The cable headend 5 contains various receivers, transmitters, optical terminations, multiplexing equipment, and transmission equipment. It also contains functions for encrypting signals, which will be discussed further. The cable headend is typically tightly ‘coupled’ with the provisioning/conditional access system 1b as represented by the dotted line 2. The provisioning/conditional access system functions closely with the cable headend in regard to enabling a particular subscriber to decode authorized channels. Thus, channel authorization for a subscriber requires coordination between the provisioning/conditional access system and the cable headend, specifically the integrated receiver transcoders (IRT) contained in the headend (not shown). The IRT is a component of the conditional access scheme and used to control dissemination of entitlement control messages (ECMs) which is a message conveying a key that authorizes access to a program. In some contexts, industry usage of the term “headend” encompasses both elements 1b, 5 indicated, but some distinction of functionality is maintained herein.
The cable set top box (“set top box” or “STB”) provides additional flexibility for the cable system operator to provide basic and premium services. For analog services, the STB may authorize access to, and descrambles, video programs. For basic and premium digital services, the STB decodes and decrypts the digital MPEG program signals that include encoded video and audio signals. The STB also provides a mechanism for the cable operator to selectively authorize reception of an individual channel (e.g., premium service) or a group of channels (e.g., basic service). The STB is used by the cable operator to selectively authorize other services, such as enabling the purchase of pay-per-view events or enabling an input/output port to connect to an external device. The STB typically incorporates specialized hardware and software employed for decrypting digital program data. The special hardware and software is typically embedded into the STB, but may be implemented on a removable circuit card. Once the program data is decrypted and decoded, it is then converted to a standard television signal that is typically transmitted over a coaxial cable 9 to a traditional analog television set 10 for viewing. With the advent of digital televisions, the decrypted data may be transmitted either in the clear or further encrypted in a digital format to the digital television or display monitor. The decryption techniques are typically based on sending periodic ECMs from the cable headend (specifically from the IRT) to the STB for decrypting digital video data. The keys are typically sent using another encryption key. As programs are broadcasted on channels over the cable distribution network 6, the STB can theoretically tune to any channel. However, by sending the entitlement management messages (EMMs) to a particular STB, the STB is able to decrypt the data only as authorized. Typically, a particular key authorizes viewing of only one channel. Other messages, containing channel maps, indicate how to locate a particular channel in the multiplexed data. Thus, without having the channel map or decryption key, a STB cannot effectively provide a program to the television. This is one embodiment of a common security scheme (a.k.a. conditional access scheme) to thwart theft of cable services (either basic or premium services) by the use of illegal set top boxes to receive services.

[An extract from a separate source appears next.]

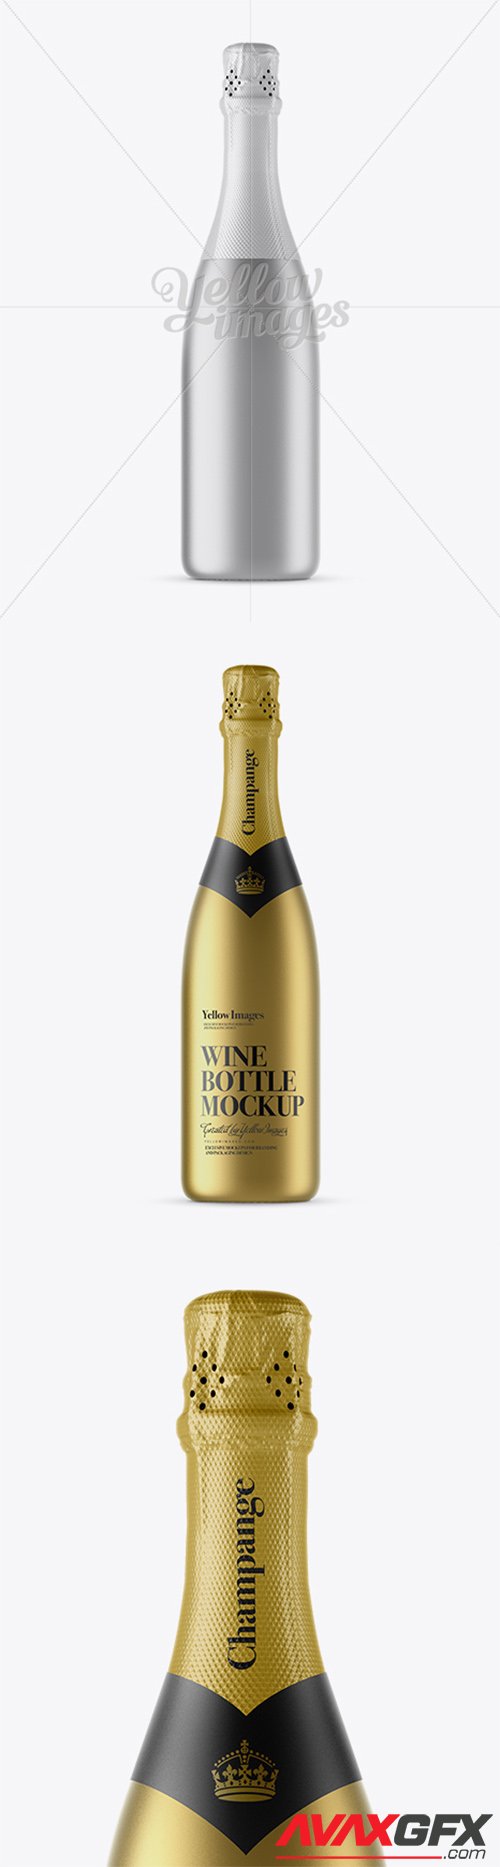 Matte Metallic Champagne Bottle with Textured Foil Mockup 78952 TIF

A cable subscriber may indicate their request to add service, such as a premium channel by telephoning a customer service representative (“agent”) 522 and verbally indicating their subscription request. The agent is in a call center and operates a computer 523 for provisioning the service. After obtaining the necessary information from the user, the agent 522 indicates the desired services 523 using a computer operatively connected to a billing system 1a and provisioning/conditional access system 1b. The billing system contains a database of ‘house records’, so called as the records are associated with a house or residential serving location. Each record includes the address, and information as to what services can be provided to that location. Typically, the cable network may have different service capabilities in different portions of the cable network, and thus not every serving location is able to receive the same services. For example, the cable network may serve several subdivisions of homes with a portion of the cable network that has been upgraded so as to provide additional channels to one subdivision, but not the other. If the house record indicates the location is currently receiving service, then the subscriber's name and service related information is provided. The records further indicate ‘outlet’ information that includes information as to how many and which type of set top boxes are present. Thus, any form of subscriber information or service related information is maintained by the billing system. This includes a subscriber's current service selections, past selections, payment related information, etc. Further, the billing system maintains information regarding various groupings of service offering (“service packages”) that are mapped to “billing codes.” The groupings of services associated with a service package are defined by various business rules by the cable operator. The business rules not only define which channels are associated with a service package, but information such as equipment requirements (e.g., required STB type or model number), billing aspects, and ancillary service aspects (e.g., use of a remote control, enabling a switched power outlet on the STB, enabling pay-per-view capabilities, etc.).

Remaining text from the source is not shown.